A retrospective chart review was performed on 78 consecutive frontal sinus fractures treated by the same surgeon between January 1, 1994, and January 1, 2002.


In this study, 57.7 percent of fractures occurred as a result of motorcycle accidents and 75.6 percent of those patients were not wearing helmets at the time of injury. The use of helmets did not significantly affect the fracture pattern. Frontal sinus fractures were commonly associated with orbital fractures (71 percent), intracranial injuries (39 percent), and severe ophthalmic injuries (26 percent). Associated injuries were more common when the fractures involved the posterior tables. The method of management comprised four groups: no surgical intervention (n = 6), open reduction and internal fixation of the anterior table with sinus preservation (n = 40), partial sinus obliteration (n = 18), and cranialization (n = 14). The complication rate was 16.7 percent (n = 13), including postoperative cerebrospinal fluid leaks (n = 6), wound infections (n = 4), meningitis (n = 1), sinusitis (n = 1), and pyomucocele (n = 1).
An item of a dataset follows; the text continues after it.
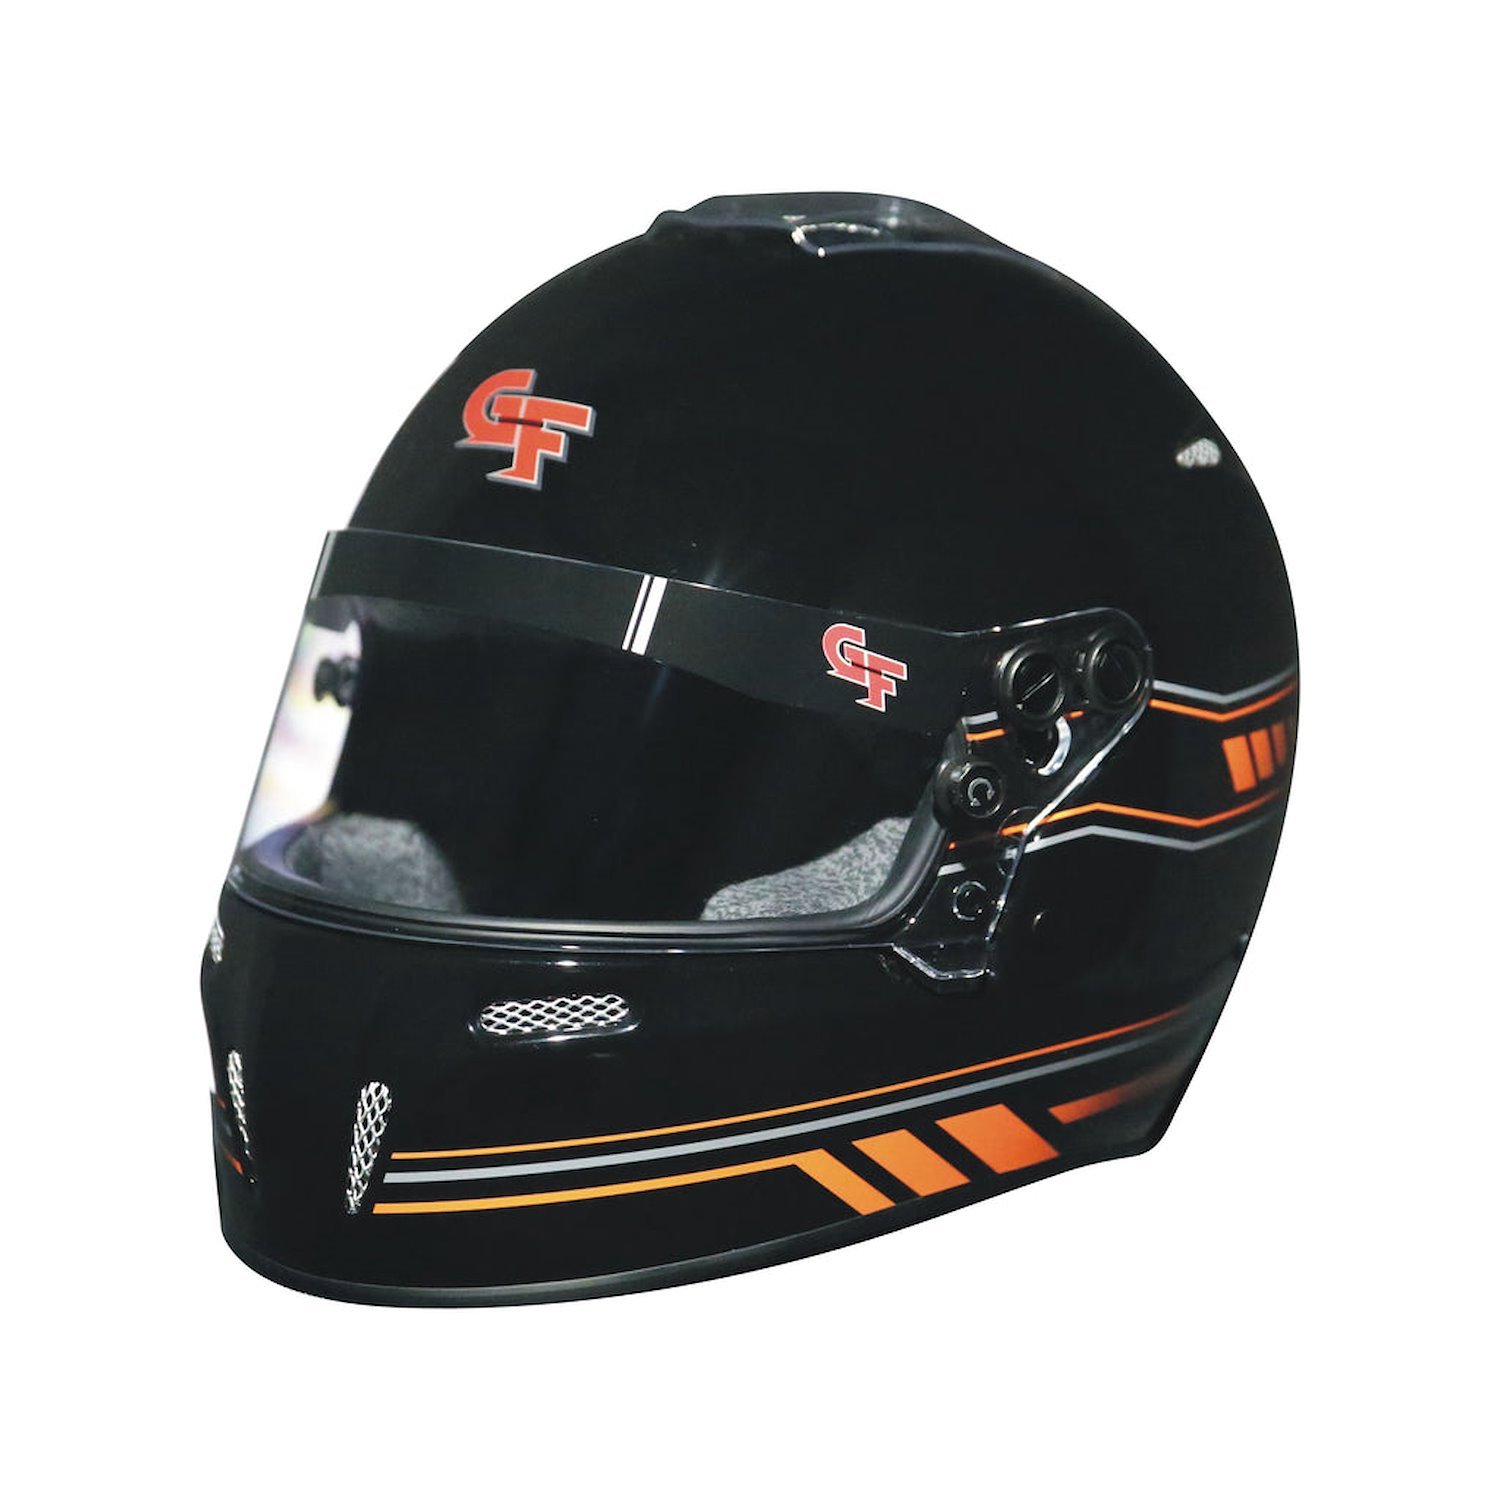 14102MEDB2 Helmet, Nighthawk Graphics SA2020, Medium, Black/Orange
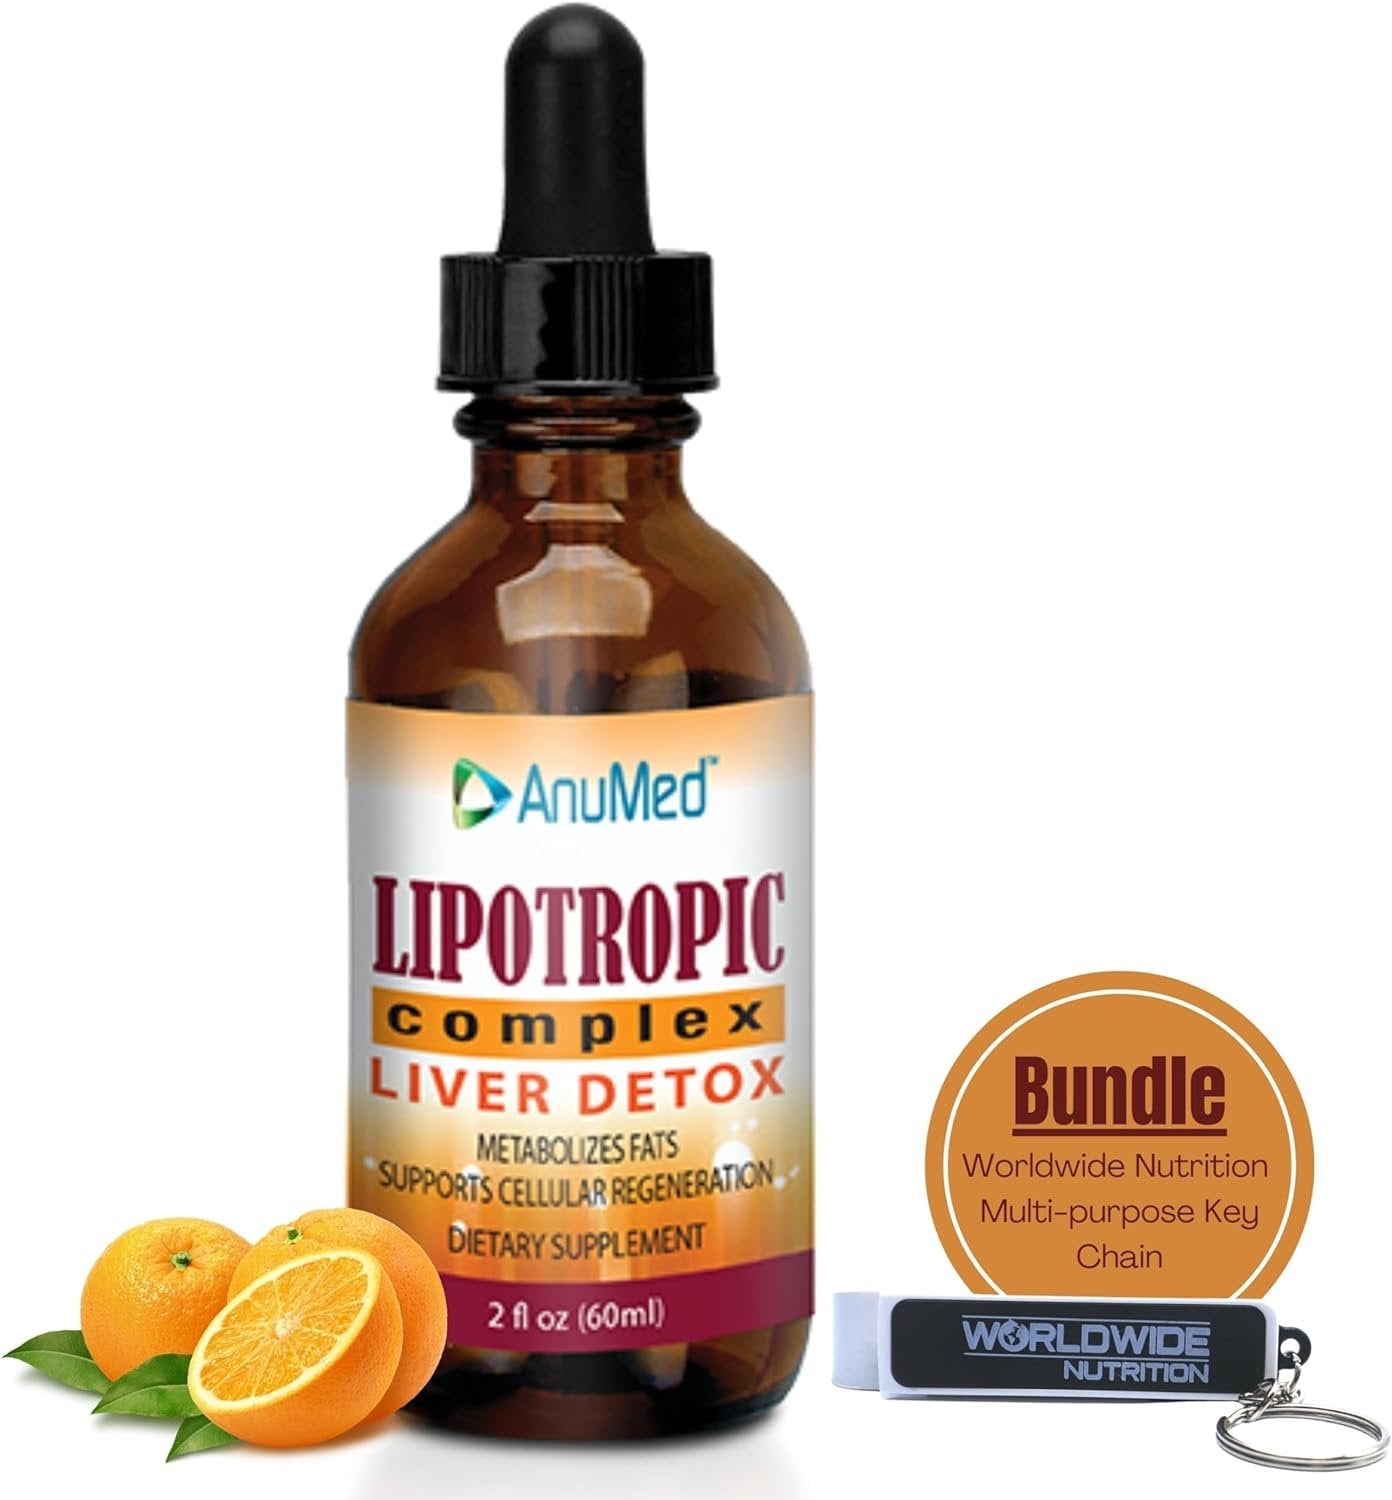 AnuMed International Lipotropic Complex Drops - Liver Detox - Metabolizes Fats - Supports Cellular Regeneration - Vit. B12, B6, Folic Acid - Orange Flavor - 2 oz

Involvement of the nasofrontal duct and persistence of cerebrospinal fluid leaks are two key determinants of the treatment algorithm. The amount of displacement of the posterior table has not been found to be a key determinant of the need for surgical intervention. When the sinus is to be obliterated, partial obliteration can achieve a good result, with limited sinus complication and minimal donor-site morbidity.